NRES Holdings, LLC v Almanac Realty Sec. VI, LP |
2016 NY Slip Op 05100 |
Decided on June 28, 2016 |
Appellate Division, First Department |
Published by New York State Law Reporting Bureau pursuant to Judiciary Law § 431. |
This opinion is uncorrected and subject to revision before publication in the Official Reports. |
Decided on June 28, 2016
Friedman, J.P., Andrias, Saxe, Richter, Kahn, JJ.
1616 652365/15
v
Almanac Realty Securities VI, LP, Defendant-Appellant.
Forman & Shapiro LLP, New York (Robert W. Forman of counsel), for appellant.
Seward & Kissel LLP, New York (Dale C. Christensen, Jr. of counsel), for respondent.
Order, Supreme Court, New York County (Jeffrey K. Oing, J.), entered January 26, 2016, which, to the extent appealed from, denied defendant's motion to dismiss the breach of contract cause of action, unanimously affirmed, without costs.
The complaint sufficiently alleges the existence of a contract based on the credit agreement and amendments to it, pursuant to which the parties agreed that plaintiff would pay a 25% prepayment penalty on advances borrowed from defendant and a $3.8 million unused commitment fee representing 25% of the remaining funds that plaintiff had initially agreed to borrow but later opted not to borrow from defendant.
Defendant failed to present documentary evidence that either flatly contradicts these allegations so as to warrant dismissal pursuant to CPLR 3211(a)(7) (see David v Hack, 97 AD3d 437 [1st Dept 2012]) or conclusively establishes a defense as a matter of law so as to warrant dismissal pursuant to CPLR 3211(a)(1) (see Leon v Martinez, 84 NY2d 83, 88 [1994]).

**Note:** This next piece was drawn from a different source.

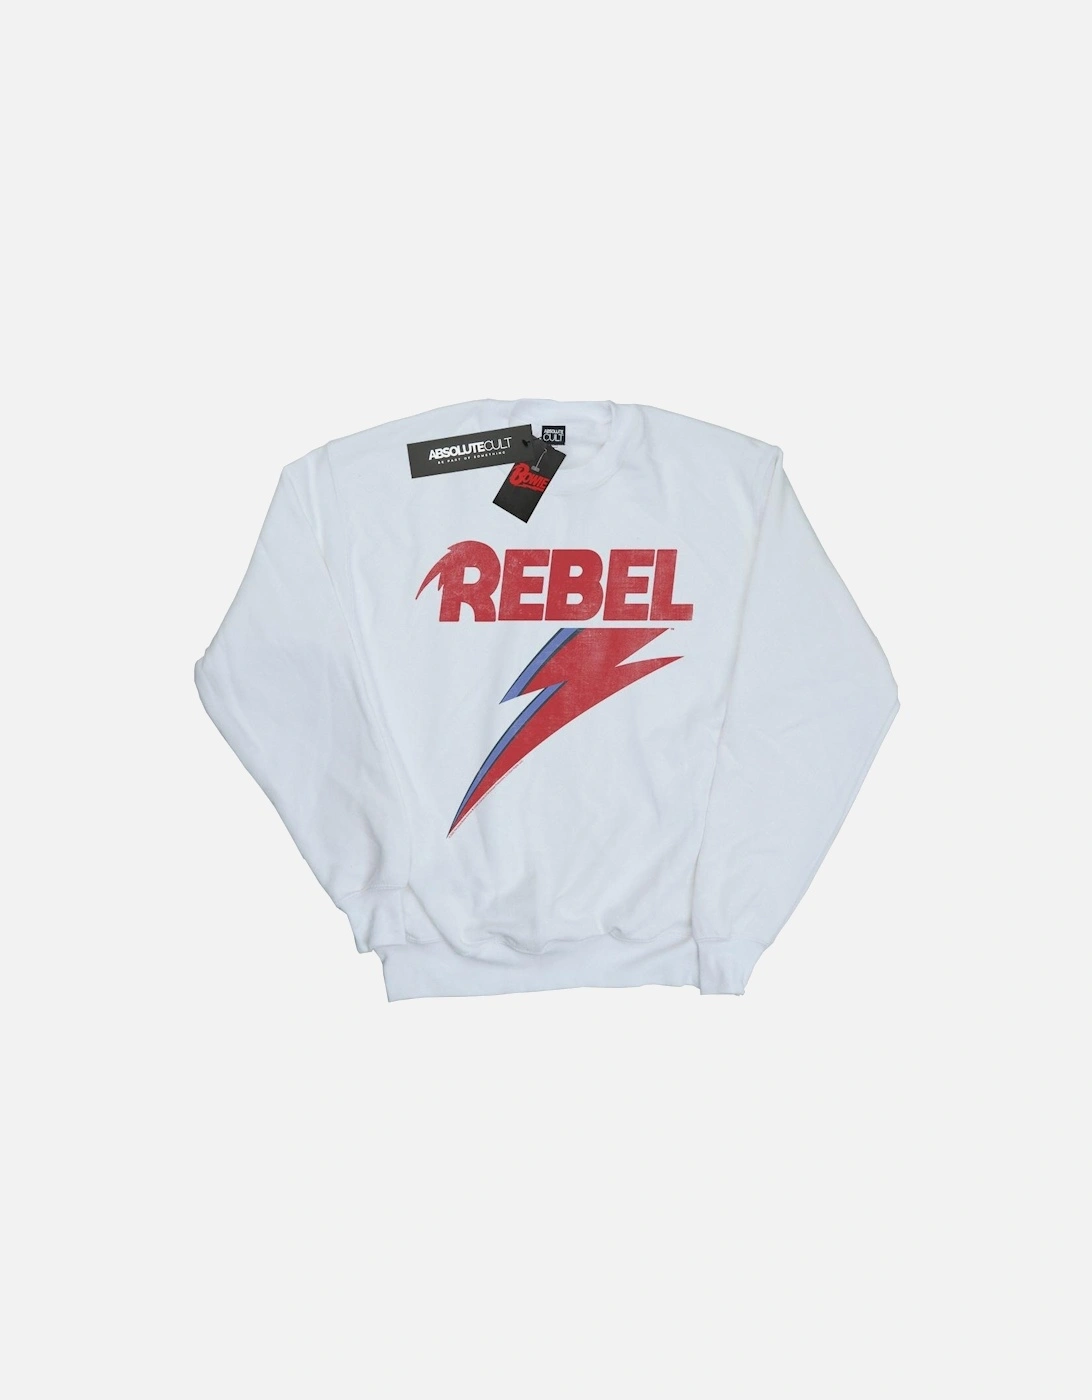 Womens/Ladies Distressed Rebel Sweatshirt, 4 of 3

The payoff letter, signed by the parties, assesses a 25% prepayment penalty on the total "Unpaid Principal" of advances borrowed by plaintiff, but it does not reveal the underlying calculations. To ascertain that the $3.8 million was included in the total "Unpaid Principal," and treated as an advance, it is necessary to review schedules to amendments to the credit agreements; yet neither those nor any other documents cited by defendant conclusively state that the parties agreed to treat the $3.8 million as an advance, rather than a one-time fee, or otherwise to subject it to a 25% penalty. Accordingly, the fact that plaintiff signed the payoff letter and other documents is not dispositive of this
motion to dismiss (see 235 E. 4th St., LLC v Dime Sav. Bank of Williamsburgh, 65 AD3d 976 [1st Dept 2009]).
THIS CONSTITUTES THE DECISION AND ORDER
OF THE SUPREME COURT, APPELLATE DIVISION, FIRST DEPARTMENT.